Alser Mohammed, Shahroodi Taha, Gómez-Luna Juan, Alkan Can, Mutlu Onur
Department of Computer Science, ETH Zurich, Zurich 8006, Switzerland.
Department of Information Technology and Electrical Engineering, ETH Zurich, Zurich 8006, Switzerland.
Bioinformatics. 2021 Apr 1;36(22-23):5282-5290. doi: 10.1093/bioinformatics/btaa1015.
We introduce SneakySnake, a highly parallel and highly accurate pre-alignment filter that remarkably reduces the need for computationally costly sequence alignment. The key idea of SneakySnake is to reduce the approximate string matching (ASM) problem to the single net routing (SNR) problem in VLSI chip layout. In the SNR problem, we are interested in finding the optimal path that connects two terminals with the least routing cost on a special grid layout that contains obstacles. The SneakySnake algorithm quickly solves the SNR problem and uses the found optimal path to decide whether or not performing sequence alignment is necessary. Reducing the ASM problem into SNR also makes SneakySnake efficient to implement on CPUs, GPUs and FPGAs.
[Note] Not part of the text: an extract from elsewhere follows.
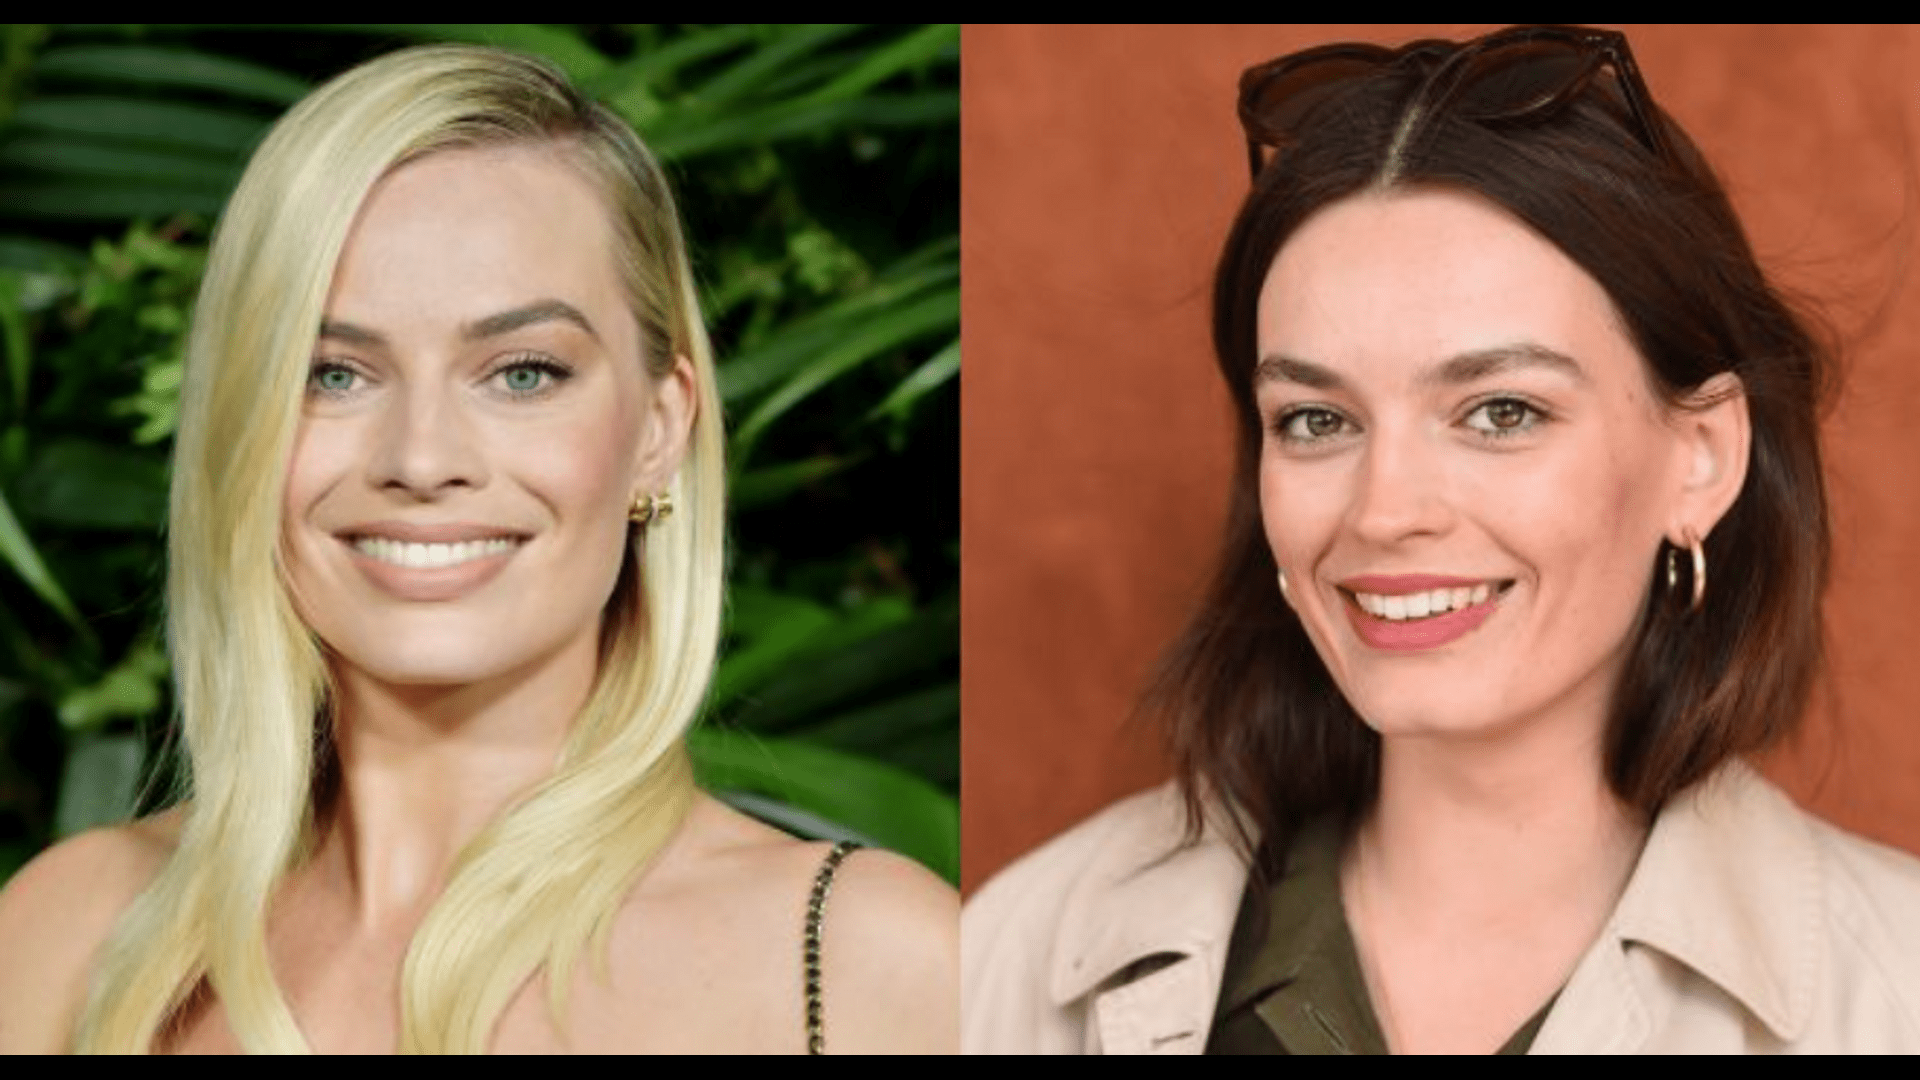 margot-robbie-and-emma-mackey-will-be-together-in-the-barbie-movie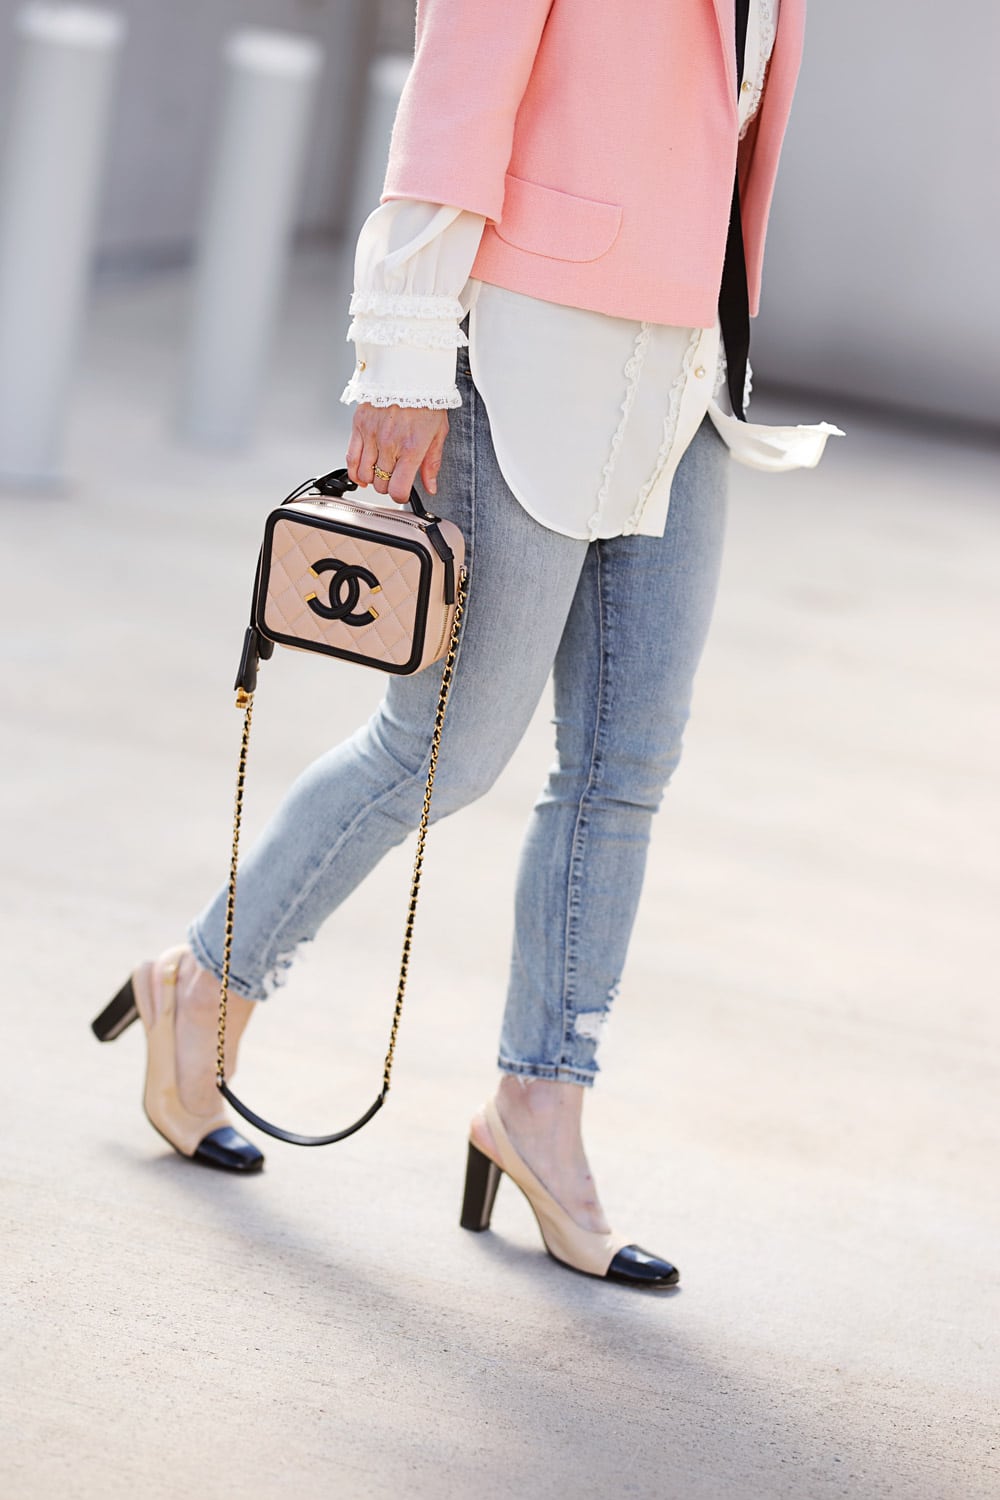 style of sam in cropped pink jacket and chanel vanity bag with cap toe heels

SneakySnake significantly improves the accuracy of pre-alignment filtering by up to four orders of magnitude compared to the state-of-the-art pre-alignment filters, Shouji, GateKeeper and SHD. For short sequences, SneakySnake accelerates Edlib (state-of-the-art implementation of Myers's bit-vector algorithm) and Parasail (state-of-the-art sequence aligner with a configurable scoring function), by up to 37.7× and 43.9× (>12× on average), respectively, with its CPU implementation, and by up to 413× and 689× (>400× on average), respectively, with FPGA and GPU acceleration. For long sequences, the CPU implementation of SneakySnake accelerates Parasail and KSW2 (sequence aligner of minimap2) by up to 979× (276.9× on average) and 91.7× (31.7× on average), respectively. As SneakySnake does not replace sequence alignment, users can still obtain all capabilities (e.g. configurable scoring functions) of the aligner of their choice, unlike existing acceleration efforts that sacrifice some aligner capabilities.
https://github.com/CMU-SAFARI/SneakySnake.
Supplementary data are available at Bioinformatics online.
我们引入了SneakySnake,这是一种高度并行且高度准确的预比对过滤器,能显著减少对计算成本高昂的序列比对的需求。SneakySnake的关键思想是将近似字符串匹配(ASM)问题简化为超大规模集成电路(VLSI)芯片布局中的单网路由(SNR)问题。在SNR问题中,我们关注的是在包含障碍物的特殊网格布局上找到连接两个终端且路由成本最低的最优路径。SneakySnake算法能快速解决SNR问题,并利用找到的最优路径来决定是否有必要进行序列比对。将ASM问题简化为SNR问题也使得SneakySnake能够在CPU、GPU和FPGA上高效实现。
与当前最先进的预比对过滤器Shouji、GateKeeper和SHD相比,SneakySnake将预比对过滤的准确率显著提高了多达四个数量级。对于短序列,SneakySnake的CPU实现分别将Edlib(Myers比特向量算法的当前最先进实现)和Parasail(具有可配置评分函数的当前最先进序列比对器)加速了多达37.7倍和43.9倍(平均>12倍),而通过FPGA和GPU加速时分别高达413倍和689倍(平均>400倍)。对于长序列,SneakySnake的CPU实现分别将Parasail和KSW2(minimap2的序列比对器)加速了多达979倍(平均276.9倍)和91.7倍(平均31.7倍)。由于SneakySnake并不替代序列比对,与现有的牺牲某些比对器功能的加速方法不同,用户仍然可以获得他们选择的比对器的所有功能(例如可配置评分函数)。
https://github.com/CMU - SAFARI/SneakySnake。
补充数据可在《生物信息学》在线获取。